Whilst such devices have proven effective in achieving a core or foundation hole, it is not uncommon for conventional barrel cutters to require removal and servicing during the cutting operation, which can take time and requires the presence of skilled personnel to service the device as required during operation.

Thus, there is a need to provide an improved barrel cutter that addresses these issues.

The above references to and descriptions of prior proposals or products are not intended to be, and are not to be construed as, statements or admissions of common general knowledge in the art. In particular, the above prior art discussion does not relate to what is commonly or well known by the person skilled in the art, but assists in the understanding of the inventive step of the present invention of which the identification of pertinent prior art proposals is but one part.

STATEMENT OF INVENTION

Accordingly, in one aspect of the invention there is provided a device for boring holes in a ground surface comprising:

• • a core barrel having a barrel top and an open barrel bottom, the barrel top having a shaft mounted thereto for engaging with a rotary power source for rotating the core barrel;
  • at least one cutting member mounted to the core barrel at the open barrel bottom; and
  • a pressurised fluid source in fluid communication with the shaft for delivering a supply of pressurised fluid to the shaft;
  • wherein the at least one cutting member is configured such that when it is mounted to the core barrel at the open barrel bottom, the pressurised fluid causes the at least one cutting member to perform a cutting motion to remove the ground surface.

Accordingly, in another aspect of the invention there is provided a device for boring holes in a ground surface comprising:

• • an auger having a pair of helical flights or removing cut material;
  • a central recess extending centrally with respect to the pair of helical flights;
  • a pressurised fluid source in fluid communication with the central recess shaft for delivering a supply of pressurised fluid thereto; and
  • a cutting member mounted to the a base of the auger;
  • wherein the at least one cutting member is configured such that when it is mounted to the base of the auger, the pressurised fluid causes the at least one cutting member to perform a cutting action to remove the ground surface.

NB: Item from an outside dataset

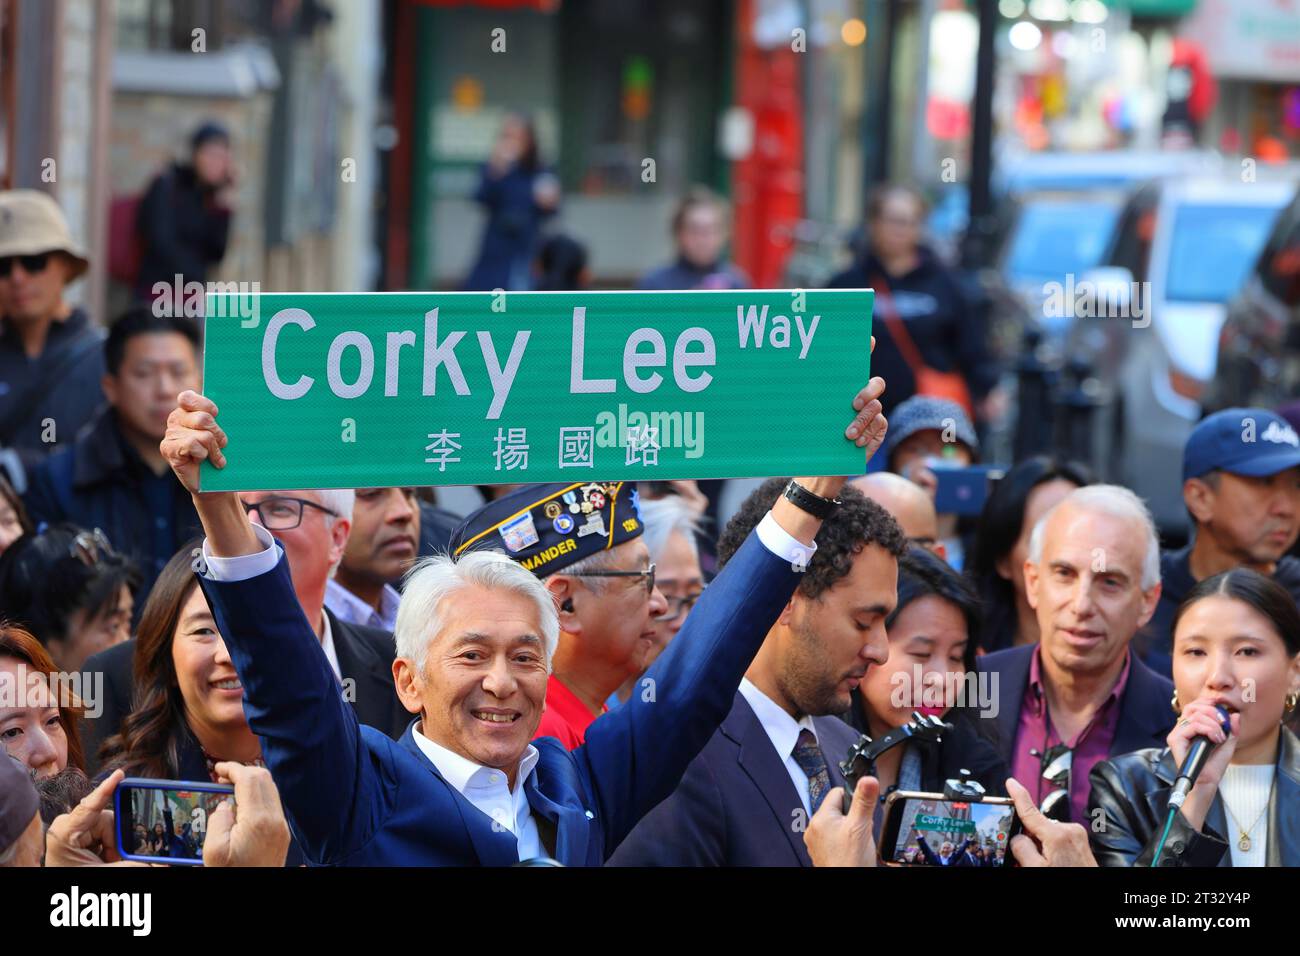 22 October 2023, New York. People celebrate Corky Lee Way 李揚國路 co-naming of Mosco St in Manhattan Chinatown. John Lee, a sibling of Corky Lee, holds a Corky Lee Way street sign. Corky Lee was a photojournalist, photographer and civil rights activist who documented Asian American history; he is sometimes referred to as the 'unofficial Asian American photographer laureate'. Mr. Lee died in 2021 from complications due to Covid-19. Stock Photo

BRIEF DESCRIPTION OF THE DRAWINGS

The invention may be better understood from the following non-limiting description of preferred embodiments, in which:

FIG. 1 is a top perspective view of a barrel cutter in accordance with an embodiment of the present invention;

FIG. 2 is a side view of the barrel cutter of FIG. 1;

FIG. 3 is a bottom view of the barrel cutter of FIG. 1;

FIG. 4 is a top view of the barrel cutter of FIG. 1;

FIG. 5 is cross sectional side view of the barrel cutter of FIG. 1;

FIGS. 6A and 6B are front and side views respectively of hammer members to be used with the barrel cutter of FIG. 1;

FIG. 7 is an enlarged cross-sectional view of barrel cutter of FIG. 1 showing the manner in which the hammer members engage with the cap members;

FIG. 8 is a side view of an auger assembly in accordance with another embodiment of the present invention;

FIG. 9 is an bottom view of a barrel cutter employing a core extraction tool in accordance with an embodiment of the present invention;

FIG. 10 is a cross sectional side view of the core extraction tool of FIG. 9 in action;

FIG. 11 is a side view of an adjustable auger in accordance with an embodiment of the present invention;

FIG. 12-14 show different embodiments of the manner in which the adjustable auger of FIG. 11 is adjusted;

FIG. 15 is a side cross-sectional view of a barrel cutter in accordance with another embodiment of the present invention;

FIG. 16 is an enlarged view showing the engagement of the cutter unit and the barrel cutter of FIG. 15;

FIG. 17 is an end view of the cutter unit of FIG. 16;

FIG. 18 is a side view of an auger assembly in accordance with another embodiment of the present invention; and

FIG. 19 is a plan view of the cutter unit of FIG. 18.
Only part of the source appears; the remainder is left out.